Suitable substantially non-spherical proppant particulates may be
cubic, polygonal, fibrous, or any other non-spherical shape. Such
substantially non-spherical proppant particulates may be, for
example, cubic-shaped, rectangular-shaped, rod-shaped,
ellipse-shaped, cone-shaped, pyramid-shaped, or cylinder-shaped.
That is, in embodiments wherein the proppant particulates are
substantially non-spherical, the aspect ratio of the material may
range such that the material is fibrous to such that it is cubic,
octagonal, or any other configuration. Substantially non-spherical
proppant particulates are generally sized such that the longest
axis is from about 0.02 inches to about 0.3 inches in length. In
other embodiments, the longest axis is from about 0.05 inches to
about 0.2 inches in length. In one embodiment, the substantially
non-spherical proppant particulates are cylindrical having an
aspect ratio of about 1.5 to 1 and about 0.08 inches in diameter
and about 0.12 inches in length. In another embodiment, the
substantially non-spherical proppant particulates are cubic having
sides about 0.08 inches in length.
[0029] Proppant particulates suitable for use in the present
invention may comprise any material suitable for use in
subterranean operations. Suitable materials for these proppant
particulates include, but are not limited to, sand; bauxite;
ceramic materials; glass materials; polymer materials (such as
ethylene-vinyl acetate or composite materials);
polytetrafluoroethylene materials; nut shell pieces; cured resinous
particulates comprising nut shell pieces; seed shell pieces; cured
resinous particulates comprising seed shell pieces; fruit pit
pieces; cured resinous particulates comprising fruit pit pieces;
wood, composite particulates; and combinations thereof. Suitable
composite particulates may comprise a binder and a filler material
wherein suitable filler materials include silica; alumina; fumed
carbon; carbon black; graphite; mica; titanium dioxide; barite;
meta-silicate; calcium silicate; kaolin; talc; zirconia; boron; fly
ash; hollow glass microspheres; solid glass; and combinations
thereof. Suitable proppant particles for use in conjunction with
the present invention may be any known shape of material, including
substantially spherical materials; fibrous materials; polygonal
materials (such as cubic materials); and combinations thereof.

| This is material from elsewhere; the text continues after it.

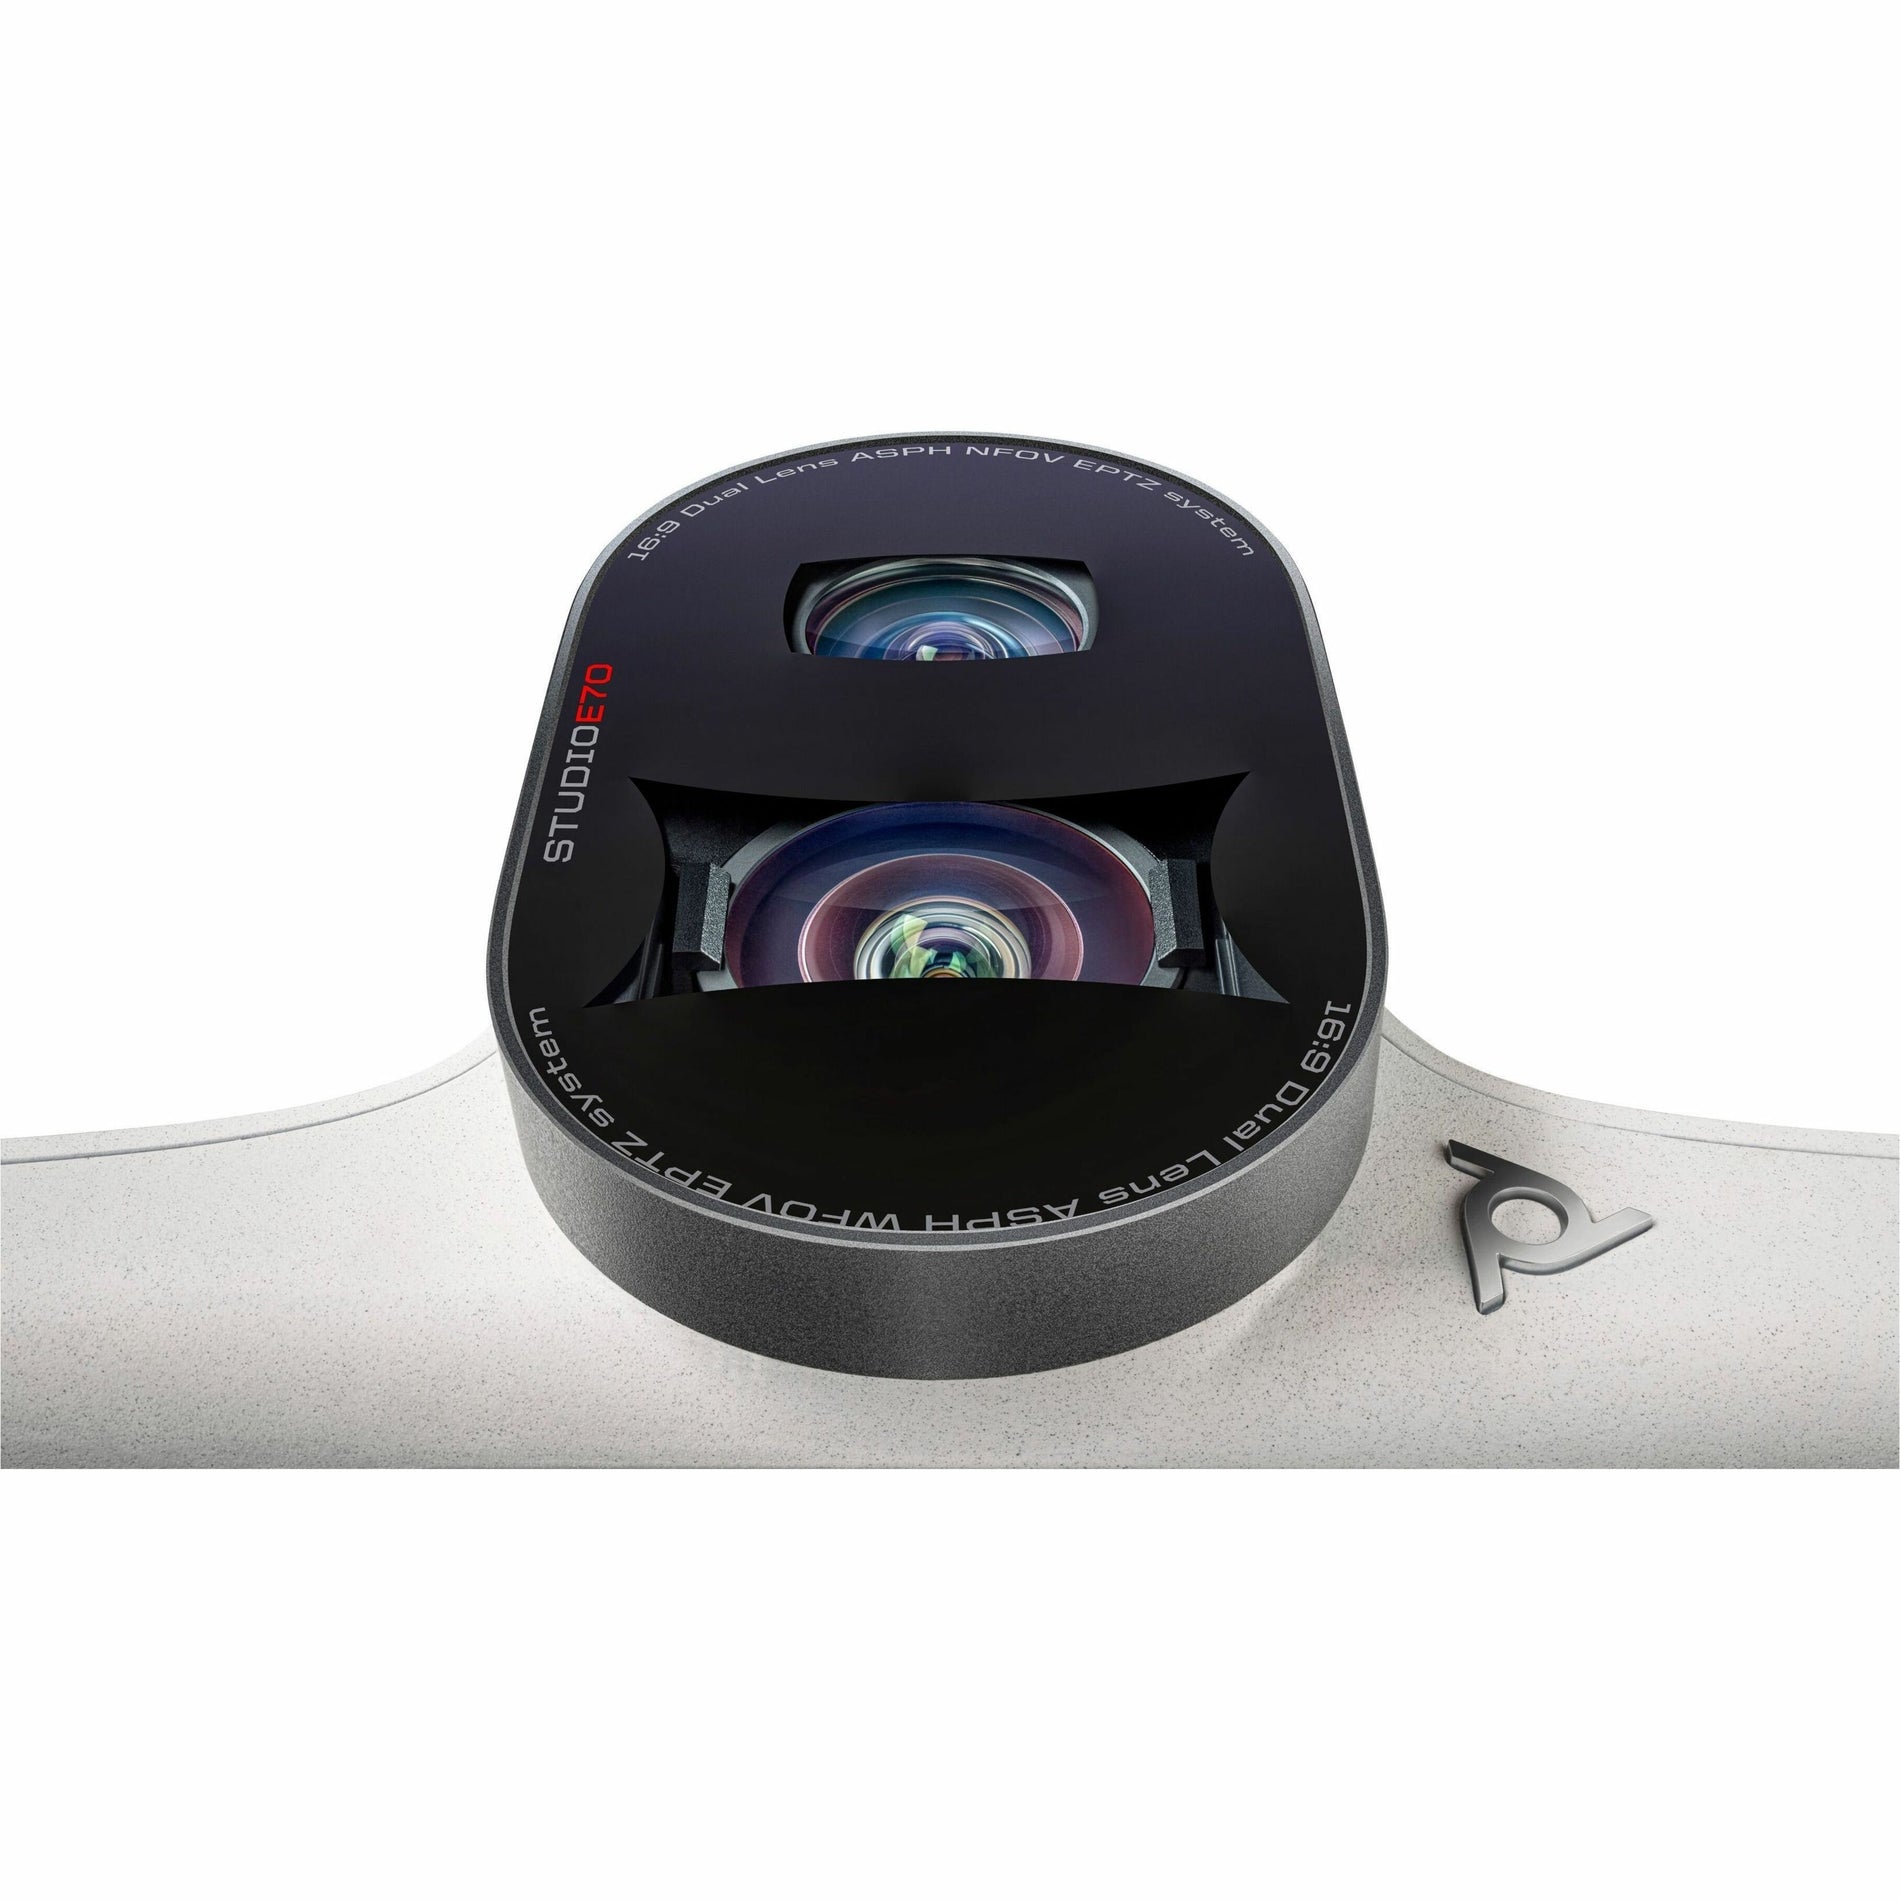 Poly 842F8AA Studio E70 Smart Kamera Hochwertige Webcam für Video Conferencing und Streaming

[0030] The proppant particulates are included in the treatment
fluids of the present invention with a consolidating agent. The
consolidating agent of the present invention is used to adhere the
thermoplastic material and/or degradable polyester material of the
present invention to the proppant particulates. Upon reaching
certain temperatures, the thermoplastic material and/or the
degradable polyester material may become pliable and twist and
change conformation so as to coat the proppant particulates adhered
thereto by aid of the consolidating agent. The consolidating agent
may additionally aid in binding various proppant particulates
together to aid in forming proppant pillars. Any consolidating
agent suitable for use in subterranean operations and capable of
binding proppant particulates together such that the individual
proppant particulates do not generally disperse without the
presence of shear may be used in the methods of the present
invention. Suitable consolidating agents may include, but are not
limited to, non-aqueous tackifying agents; aqueous tackifying
agents; emulsified tackifying agents; silyl-modified polyamide
compounds; resins; crosslinkable aqueous polymer compositions;
polymerizable organic monomer compositions; consolidating agent
emulsions; zeta-potential modifying aggregating compositions;
silicon-based resins; and binders. Combinations and/or derivatives
of these also may be suitable. Nonlimiting examples of suitable
non-aqueous tackifying agents may be found in U.S. Pat. Nos.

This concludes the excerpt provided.